Bank Indonesia says the prohibition against foreign currency in domestic transactions is intended to reduce reliance on the dollar and other foreign currencies and mitigate against capital outflows. According to Bank Indonesia, transactions within the country in currencies other than rupiah amount to $73 billion a year.
Prices for all goods and services will need to be quoted in rupiah only, a measure that will affect prices for hotels, rents and professional services, such as legal advice, insurance and accounting. For instance, around 80% of office rents are paid in U.S. dollars.
Companies fear they will be forced to bear the cost of the rupiah’s volatility and haven’t been given enough time to set up new accounting mechanisms. As is often the case with Indonesian regulations, the law empowering the ban was passed several years ago but implementation has only been announced over the past three months.
Bill Sullivan, a legal adviser to the mining, oil and gas sectors at Jakarta-based law firm Christian Teo Purwono, said companies are being forced to rapidly put in place complicated arrangements, adding to their costs.

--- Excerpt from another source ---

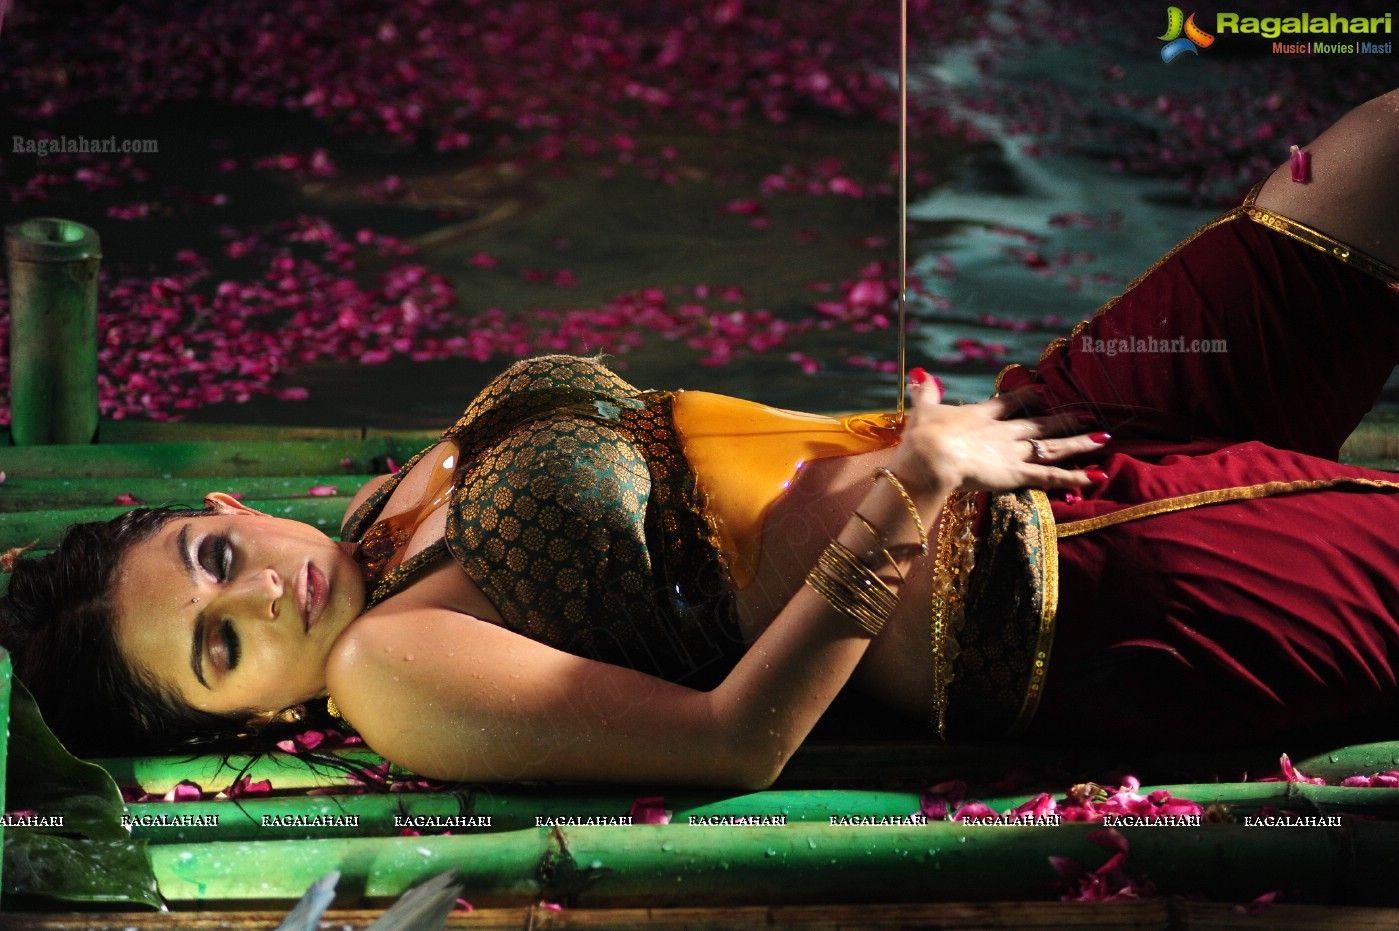 South Indian Movie actress: Sheena Shahabadi Hot Navel Photos

The shift comes at a time when President Joko Widodo’s government is struggling to draw investment to help fund infrastructure projects that are badly needed in this Southeast Asian nation of 250 million people. Economic growth has hit a six-year low and confidence in the current government’s ability to manage economic policy has slumped.
“You can only implement this policy when the exit rate risk is relatively small,” said Muhamad Chatib Basri, a former finance minister and chairman of the Mandiri Institute, a research think tank affiliated with state-owned Bank Mandiri. Peter Jacobs, a spokesman for the central bank, said Bank Indonesia would consider allowing companies more time to put the rule into effect on a project-by-project basis.
“If there are corporations that have concerns about transactions about any problems related to this, they can write us a letter and we’ll see the possibility to give them a delay,” he said.
The regulation, introduced in April, included exemptions such as export and import transactions and international financing where the lender and borrower are in different countries. Legal advisers say the rules lacked clarity and left companies with questions about what exemptions might apply to them. The bank issued a subsequent circular earlier this month, but hasn’t granted any delays.
Affected businesses say they are trying to minimize the impact of the regulation by building in market-based adjustments to help offset the rupiah’s volatility. Some property companies are considering a dollar-linked rupiah rate that changes with each billing cycle.
Mr. Sullivan anticipates that equipment suppliers and others will increase their prices in rupiah to account for the risk of depreciation. That won’t be good for those needing those services at a time when industries such as mining and oil and gas are increasingly worried about costs, he says.
A person familiar with the negotiations said companies aren’t necessarily opposed to the regulation, but they need less of a “light switch” conversion and a more staged implementation. Others say gray areas need clarification and that there needs to be a better understanding of how penalties will be enforced.
“Basically, we support the Bank Indonesia policy, but we need guidance from them for the existing contracts,” said Budi Setiadi, vice president for government regulations at PetroChina, a state-owned Chinese firm with several oil and gas blocks in Indonesia. Under the regulation, existing contracts denominated in U.S. dollars are valid until they undergo a revision.
The regulation includes activities associated with export transactions. In the mining industry, that includes items such as insurance, barges and loading and unloading of goods at ports.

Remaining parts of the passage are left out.